Model pembelajaran Talking Stik adalah suatu model pembelajaran kelompok dengan
bantuan tongkat, kelompok yang memegang tongkat terlebih dahulu wajib menjawab
pertanyaan dari guru setelah siswa mempelajari materi pokoknya, selanjutnya kegiatan
tersebut diulang terus-menerus sampai semua kelompok mendapat giliran untuk
menjawab pertanyaan dari guru.
Dalam penerapan model pembelajaran Kooperatif Tipe Talking Stik ini, guru membagi
kelas menjadi kelompok-kelompok dengan anggota 5 atau 6 orang yang heterogen.

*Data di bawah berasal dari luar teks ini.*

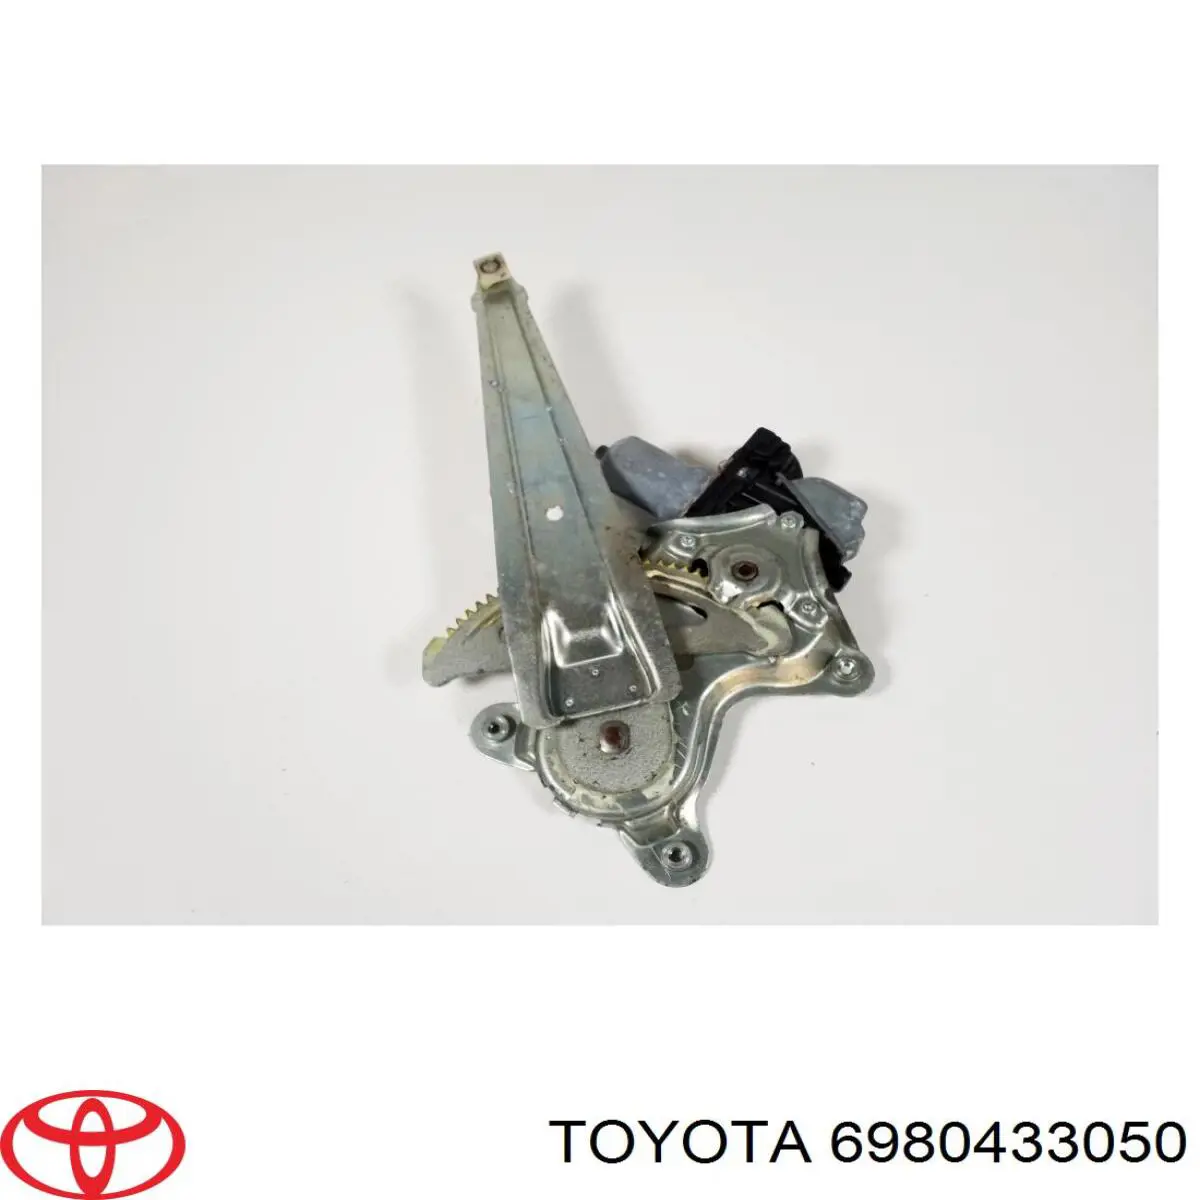 Mecanismo de acionamento de vidro da porta traseira esquerda para Toyota Camry (V40)
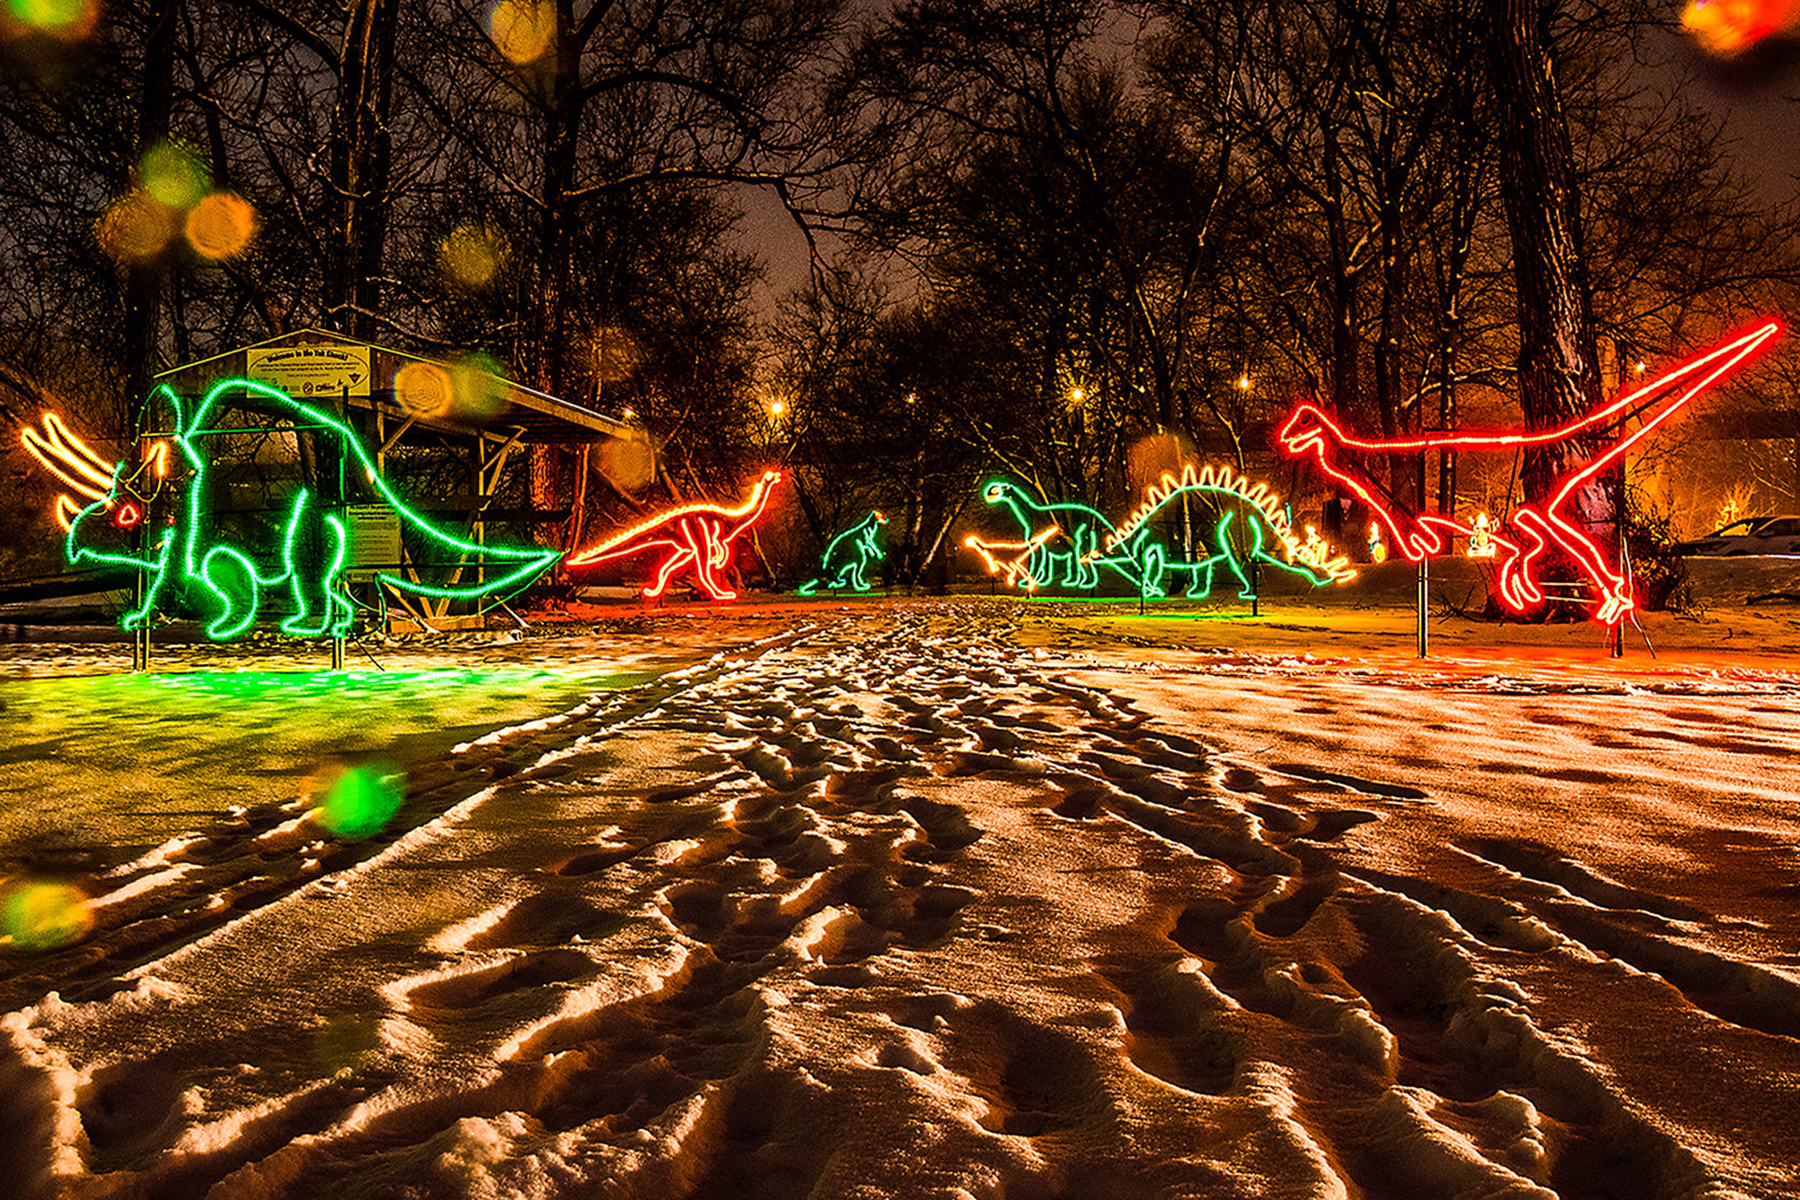 Dinosaur lights in park during winter

Kelompok dibentuk dengan mempertimbangkan keakraban, persahabatan atau minat,
yang dalam topik selanjutnya menyiapkan dan mempersentasekan laporannya kepada
seluruh kelas.
Model pembelajaran talking stick merupakan salah satu dari model pembelajaran
kooperatif, guru memberikan siswa kesempatan untuk bekerja sendiri serta bekerja
sama dengan orang lain dengan cara mengoptimalisasikan partisipasi siswa (Lie,
2002:56). Kemudian menurut Widodo (2009) mengemukakan bahwa talking
stick merupakan suatu model pembelajaran yang menggunakan sebuah tongkat sebagai
alat penunjuk giliran. Siswa yang mendapat tongkat akan diberi pertanyaan dan harus
menjawabnya. Kemudian secara estafet tongkat tersebut berpindah ke tangan siswa
lainnya secara bergiliran. Demikian seterusnya sampai seluruh siswa mendapat tongkat
dan pertanyaan.
Berdasarkan uraian tersebut, maka dapat disimpulkan bahwa pembelajaran talking
stick merupakan salah satu dari model pembelajaran kooperatif yang menggunakan
sebuah tongkat sebagai alat penunjuk giliran dengan memberikan siswa kesempatan
untuk bekerja sendiri serta bekerja sama dengan orang lain sehingga
mengoptimalisasikan partisipasi siswa.
Menurut Sugihharto (2009) mengemukakan bahwa model pembelajaran talking
stick termasuk dalam pembelajaran kooperatif karena memiliki ciri-ciri yang sesuai
dengan pembelajaran kooperatif yaitu: (1) Siswa bekerja dalam kelompok secara
kooperatif untuk menuntaskan materi belajarnya, (2) Kelompok dibentuk dari siswa
yang memiliki kemampuan tinggi, sedang dan rendah, (3) Anggota kelompok berasal
dari ras, budaya, suku, jenis kelamin yang berbeda, serta (4) Penghargaan lebih
berorientasi kelompok ketimbang individu.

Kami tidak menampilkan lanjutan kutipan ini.